1. Alternating major holidays, with said major holidays being defined as New Years (the second half of the break from school), Spring Break/Easter (April school break), July Fourth (for a period of four days), Thanksgiving and Christmas (the first half of the break from school).
Beginning in 2003, the Defendant shall have New Years, July Fourth and Christmas in odd-numbered years and he shall have Spring Break/Easter and Thanksgiving in even-numbered years. The calendar of the school which the children attend shall be the calendar used to determine visitation.
2. The schedule shall alternate each year so that the party who has the children for a particular holiday during the year will not have the children on the same holiday the following year.
3. The Plaintiff shall have the children on Mother's Day and the Defendant shall the children on Father's Day.

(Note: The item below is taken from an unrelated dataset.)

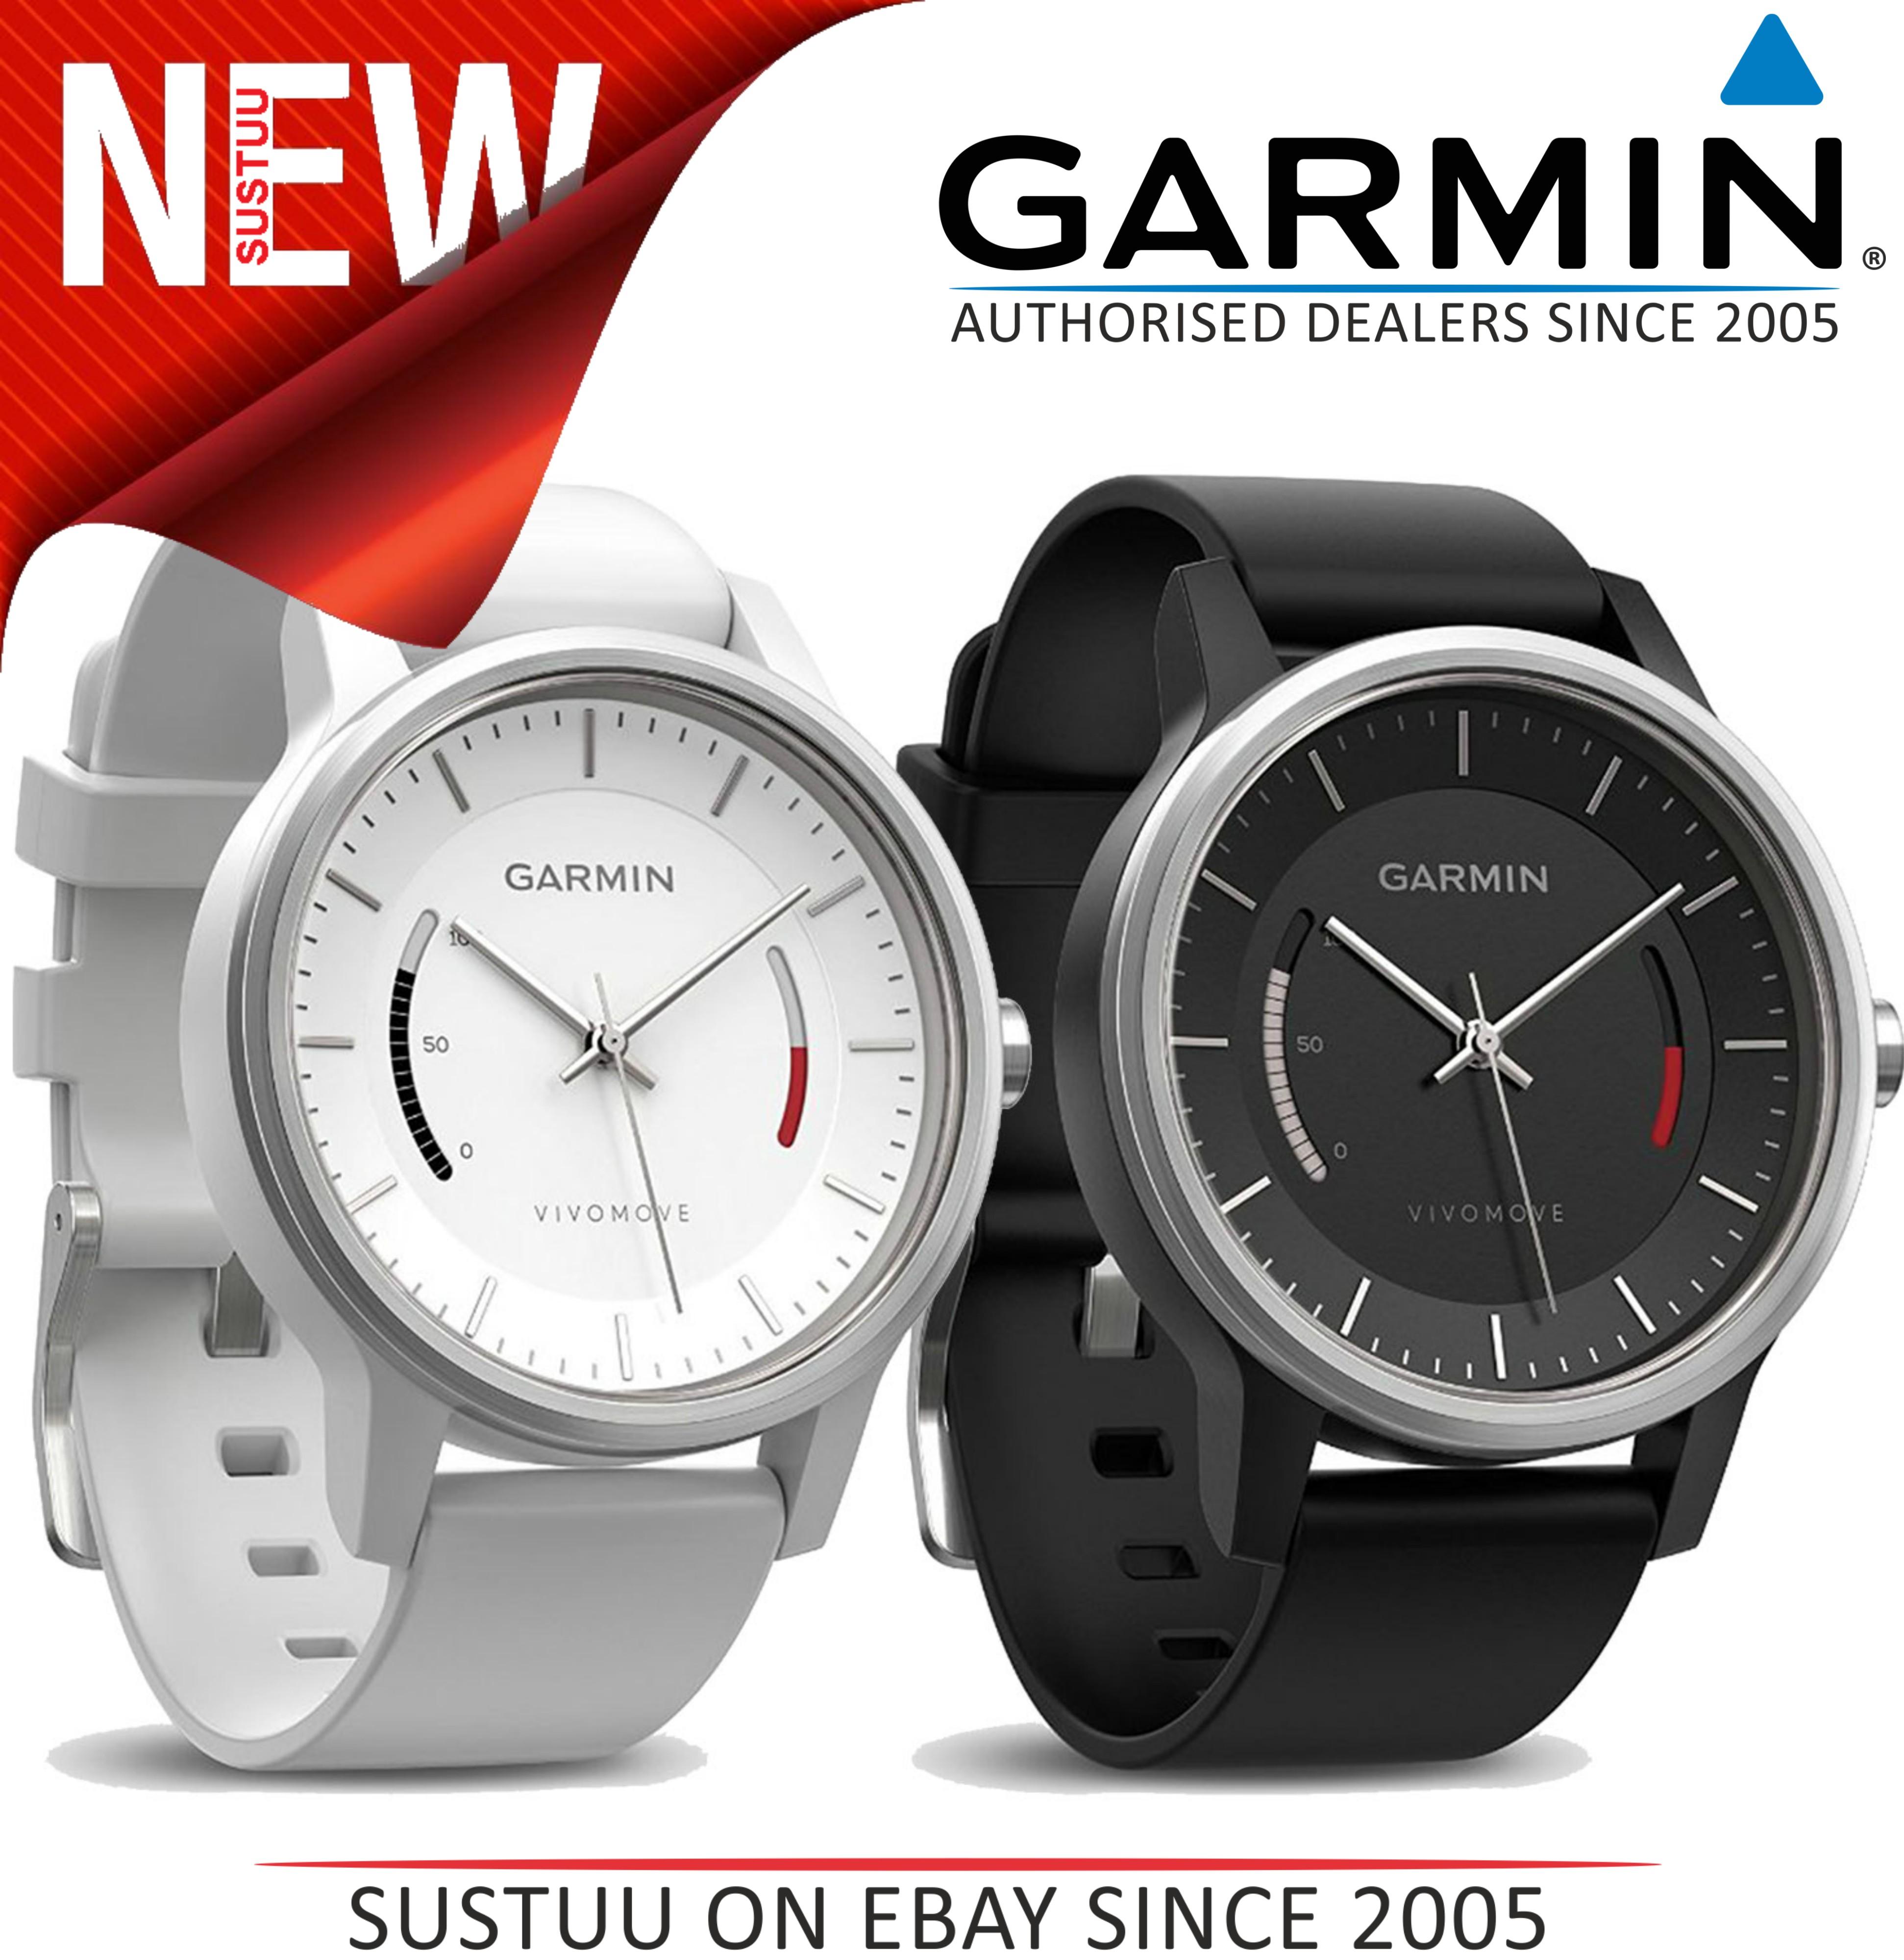 Garmin Vivomove?Analog Smart Watch?Activity Tracker?Sleep Monitor?White - Black
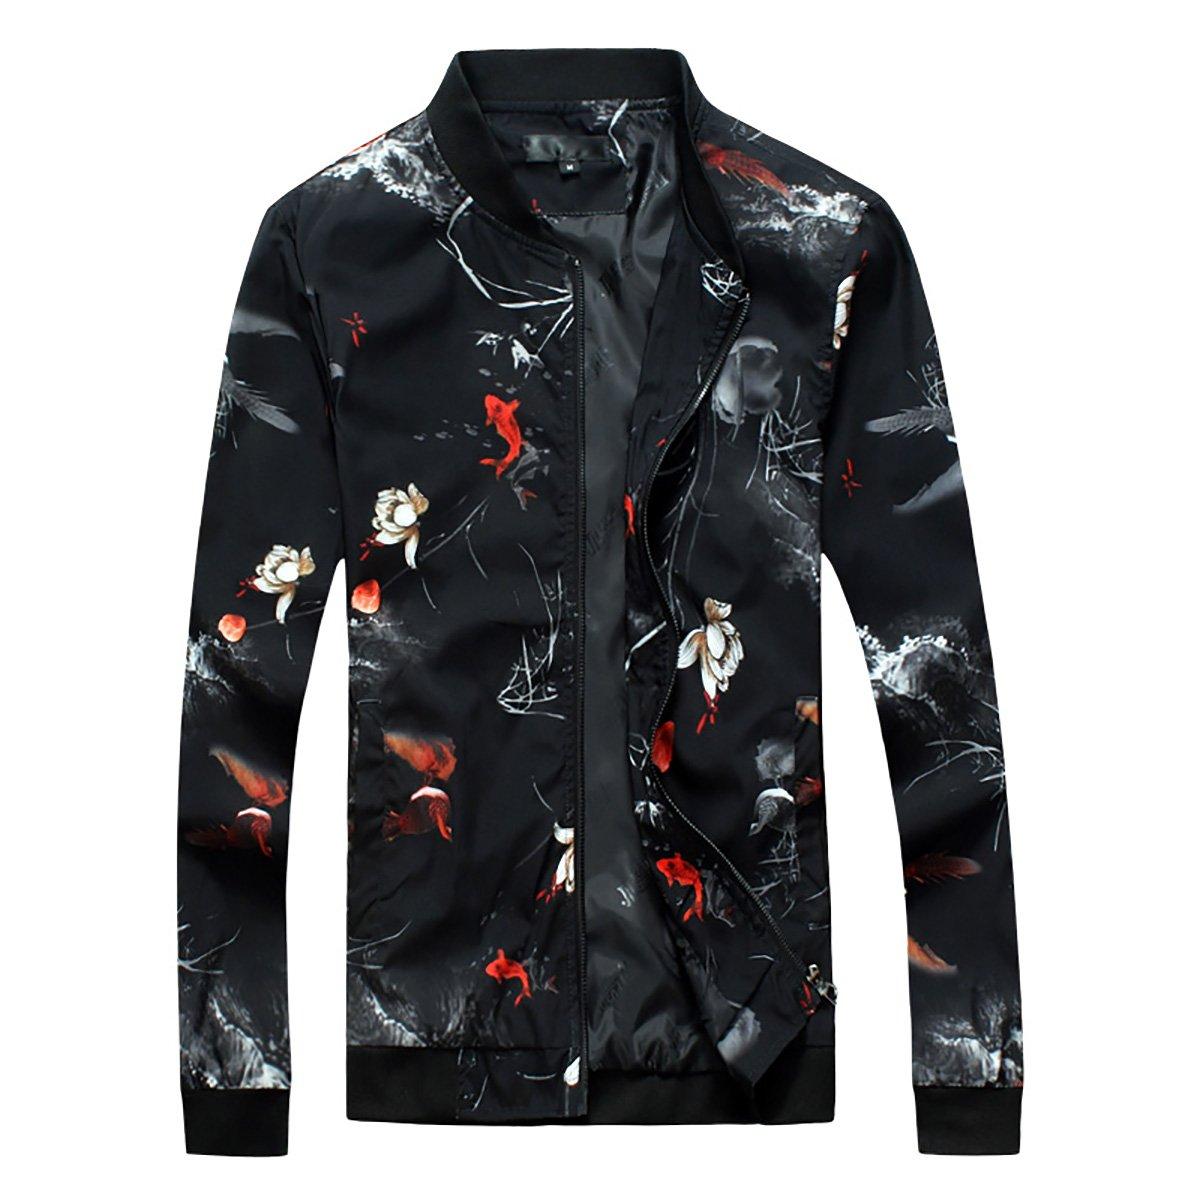 Cloudstyle Mens Casual Slim Fit Lightweight Floral Jacket Sportswear Bomber Jacket 04Jacket

c. Summer Custody. From five (5) days after school recesses in the spring until five (5) days before school resumes in the fall. During Defendant's summer custody, Plaintiff shall have custody of the minor children for two (2) weekends commencing at noon on Friday and continuing until 5:00 p.m. on Sunday. In 2004 and beyond, when Plaintiff has the children for July Fourth, she shall have only one other visit during Defendant's summer custody.
[3] Wyo.Stat.Ann. § 20-2-202(a)(i) provides in part:
(a) The court may order visitation it deems in the best interests of each child and the court shall:
* * * *
(ii) Provide for the allocation of the costs of transporting each child for purposes of visitation[.]